Wulf Garde besuchte Schützlinge in Tschernobylregion

Großhansdorf Am kommenden Sonntag, 26. April jährt sich die Nuklearkatastrophe von Tschernobyl zum 29. Mal. Wulf Garde, Initiator des Vereins „Pryvit – Hilfe für Tschernobyl-Kinder“ macht sich bis zu zwei Mal jährlich ein eigenes Bild von der Lebenssituation und der Gesundheit der Kinder in den besonders stark verstrahlten Regionen im Norden der Ukraine.
130 Kilometer von Kiew entfernt besuchte Wulf Garde seine Schützlinge. In diesem Februar war es insgesamt sein sechster Besuch. Elf Tage verbrachte der 72-Jährige mit seinen Kollegen in der Region Narodichi und besuchte insgesamt 38 Kinder. Zwar befindet sich die Ortschaft nicht innerhalb der 30-Kilometer-Sperrzone um Tschernobyl. Dennoch ist die Region eine der am stärksten kontaminierten Gegenden. Die meisten der Dörfer dort sind verlassen. Abhängig von der gesundheitlichen Verfassung, der familiären und wohnlichen Situation werden sechszehn der bedürftigsten Kinder ausgewählt, um Ende Juli nach Großhansdorf zu kommen. „Ich bin jedes Mal wieder schockiert von der Wohnsituation. Häuser kann man das kaum nennen“, berichtet Garde. Trotz der großen Armut herrsche in den Familien eine friedliche und ausgeglichene Atmosphäre. Und das, obwohl oftmals Großfamilien mit rund sechs Kindern und den Großeltern auf engstem Raum zusammen wohnen.
Und Garde sah etliche Kinder mit sehr schweren Behinderungen. „Die Probleme werden mit den nächsten Generationen weiter zunehmen“, meint Garde und betont dabei die schlimmen Auswirkungen der Spätschäden. Von der ersten Generation nach dem Super-Gau hätten circa zehn Prozent der Menschen gesundheitliche Schäden, bei der zweiten seien es bereits 90 Prozent. Wulf Garde studierte Physik, mit dem Schwerpunkt Atomphysik.
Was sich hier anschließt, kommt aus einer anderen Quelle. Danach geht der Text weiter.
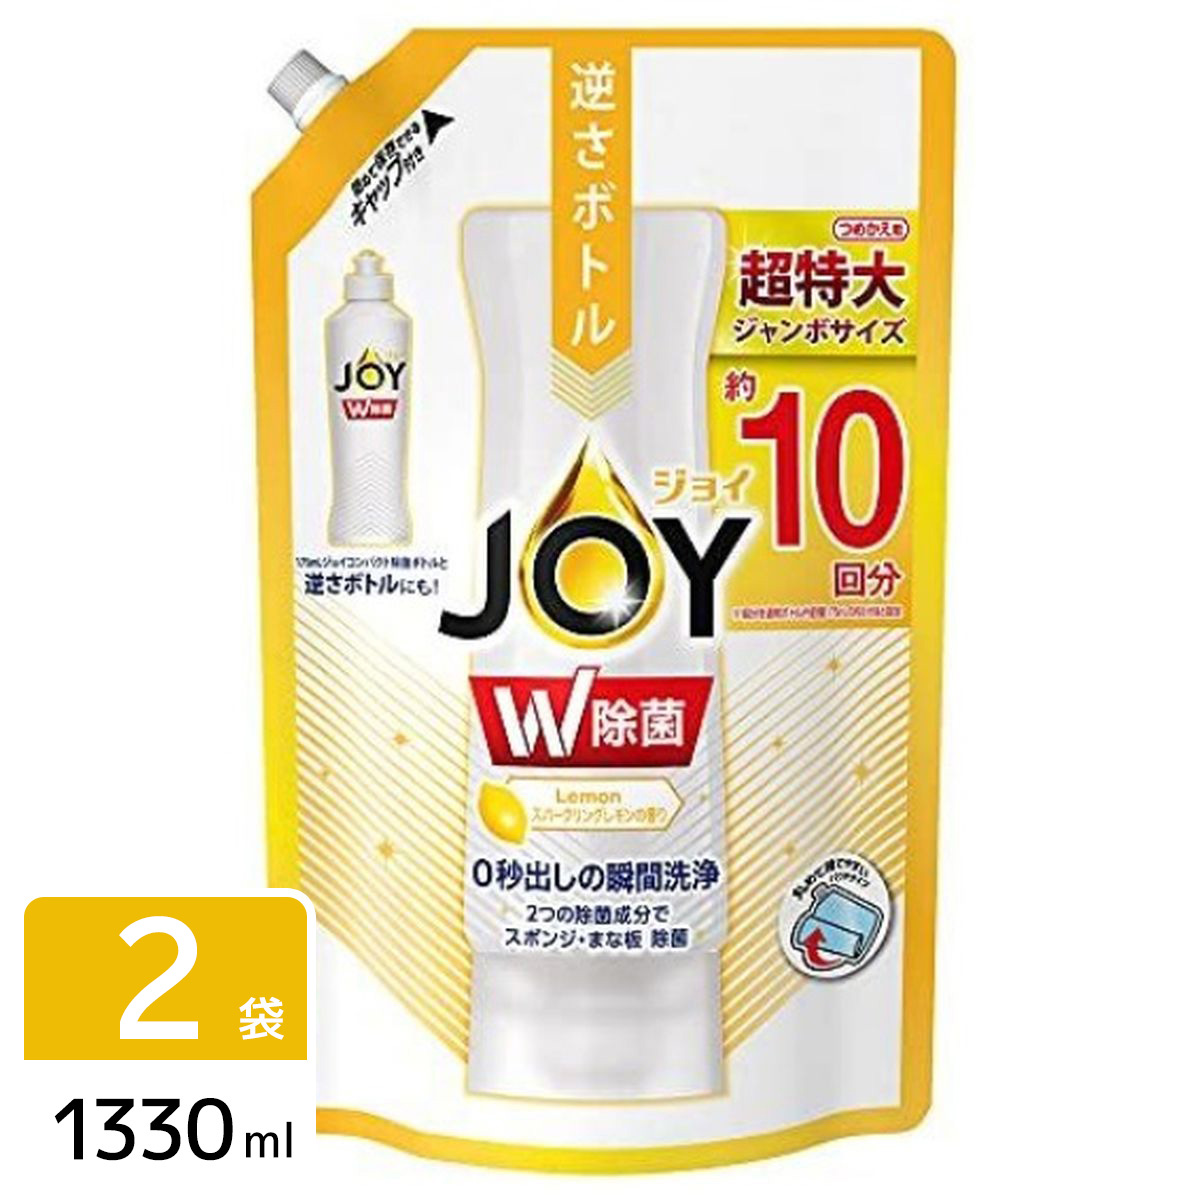 除菌ジョイ コンパクト 食器用洗剤 スパークリングレモンの香り 詰め替え ジャンボサイズ 1330ml 2袋

Ende Juli werden zum vierten Mal Kinder aus der Region um Tschernobyl in Großhansdorf ankommen, um sich drei Wochen lang zu erholen. Auf dem Plan steht eine ausgewogene, vitaminreiche Ernährung, Arztbesuche und ein Gang zum Optiker.
Der pensionierte Lehrer hat sich mit dem Verein einen großen Traum erfüllt – den Kindern um Tschernobyl ein schönes Erlebnis zu bereiten, an das sie später noch gerne zurückdenken sollen. Jährlich werden dafür rund 24.000 Euro benötigt. Der auf ehrenamtlicher Arbeit basierende Verein ist auf Spenden angewiesen. (stb)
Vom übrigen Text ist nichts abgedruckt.